**Work request**
Print out the data that follows exactly, character for character, apart from the pictures.
[Data block Boundary: Start]
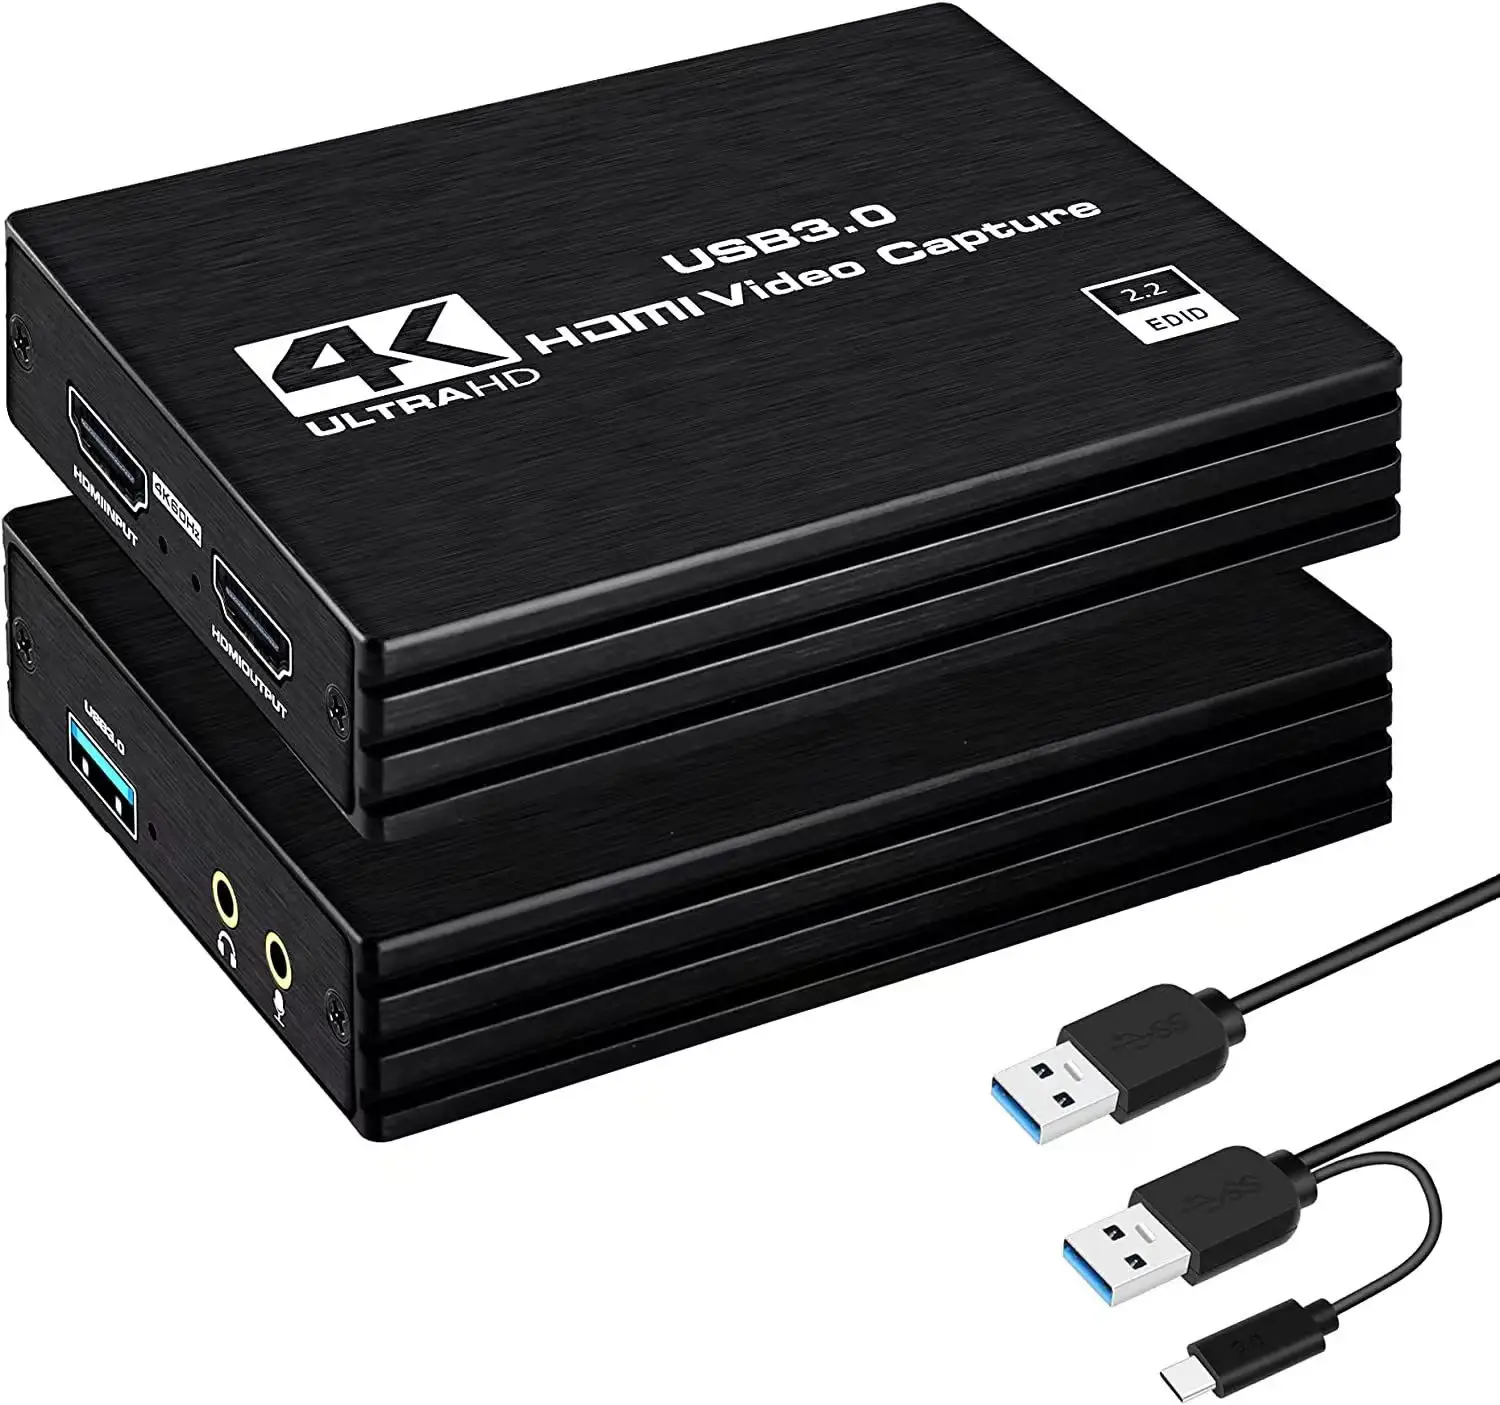 गर्म बिक्री 1080p 60fps लाइव स्ट्रीमिंग के लिए HDMI करने के लिए यूएसबी 3.0 Xbox 360 के लिए 4K वीडियो पर कब्जा कार्ड PS4 wii Nintendo स्विच
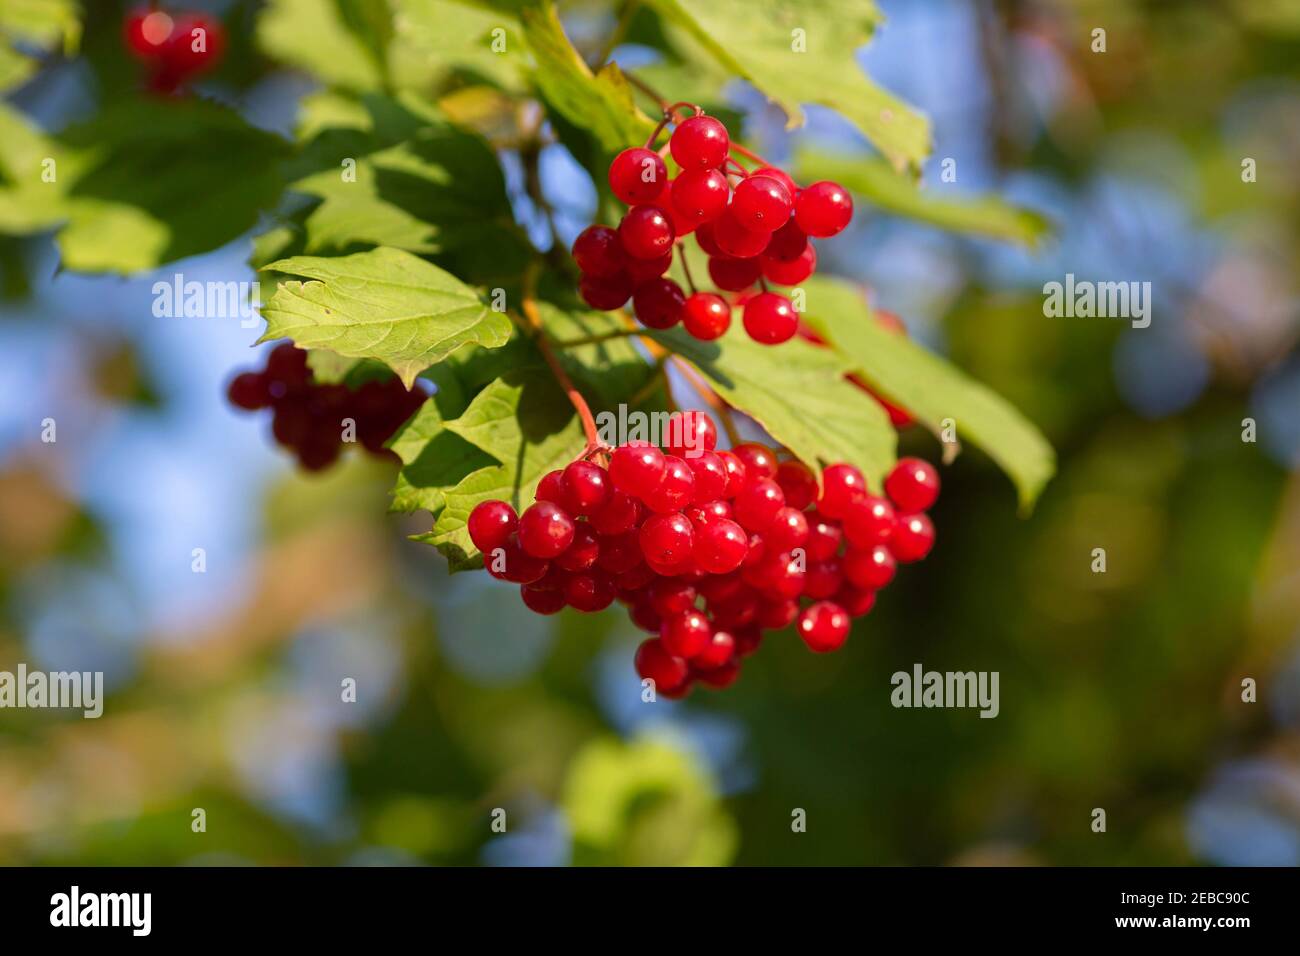 Rote viburnum Zweig im Garten. Viburnum viburnum opulus Beeren und Blätter im Herbst. Ein Strauß roter Viburnum-Beeren auf einem Zweig. Stockfoto
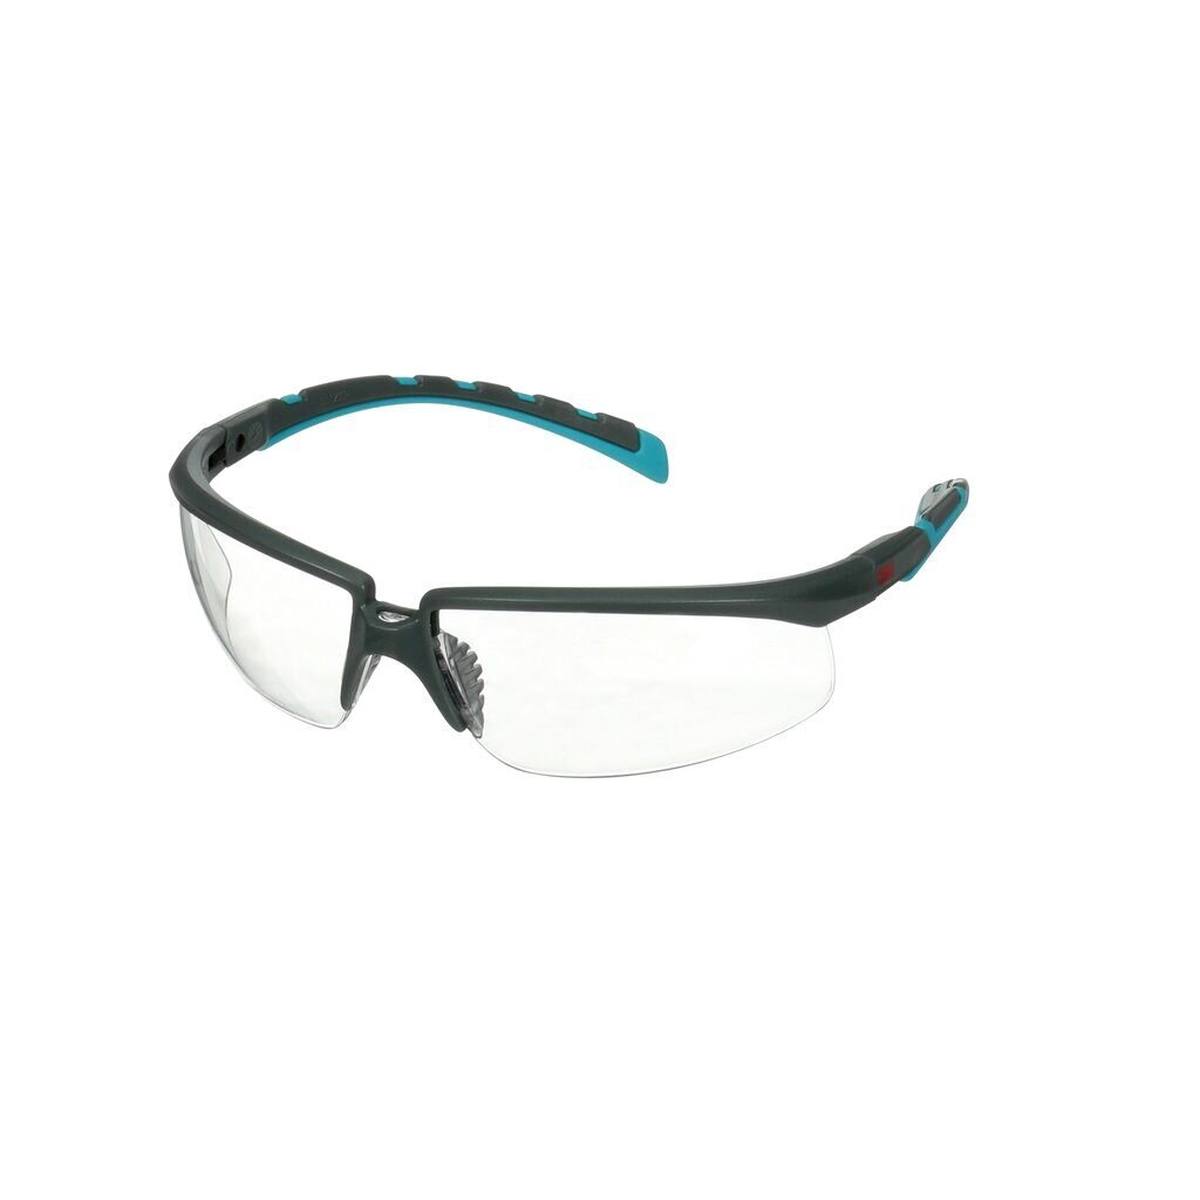 3M Solus 2000 Schutzbrille, blau/graue Bügel, kratzfest+ (K), klare Scheibe, winkelverstellbar, S2001ASP-BLU-EU
[Data block Boundary: End]
**Task solution**
 गर्म बिक्री 1080p 60fps लाइव स्ट्रीमिंग के लिए HDMI करने के लिए यूएसबी 3.0 Xbox 360 के लिए 4K वीडियो पर कब्जा कार्ड PS4 wii Nintendo स्विच
 Rote viburnum Zweig im Garten. Viburnum viburnum opulus Beeren und Blätter im Herbst. Ein Strauß roter Viburnum-Beeren auf einem Zweig. Stockfoto
 3M Solus 2000 Schutzbrille, blau/graue Bügel, kratzfest+ (K), klare Scheibe, winkelverstellbar, S2001ASP-BLU-EU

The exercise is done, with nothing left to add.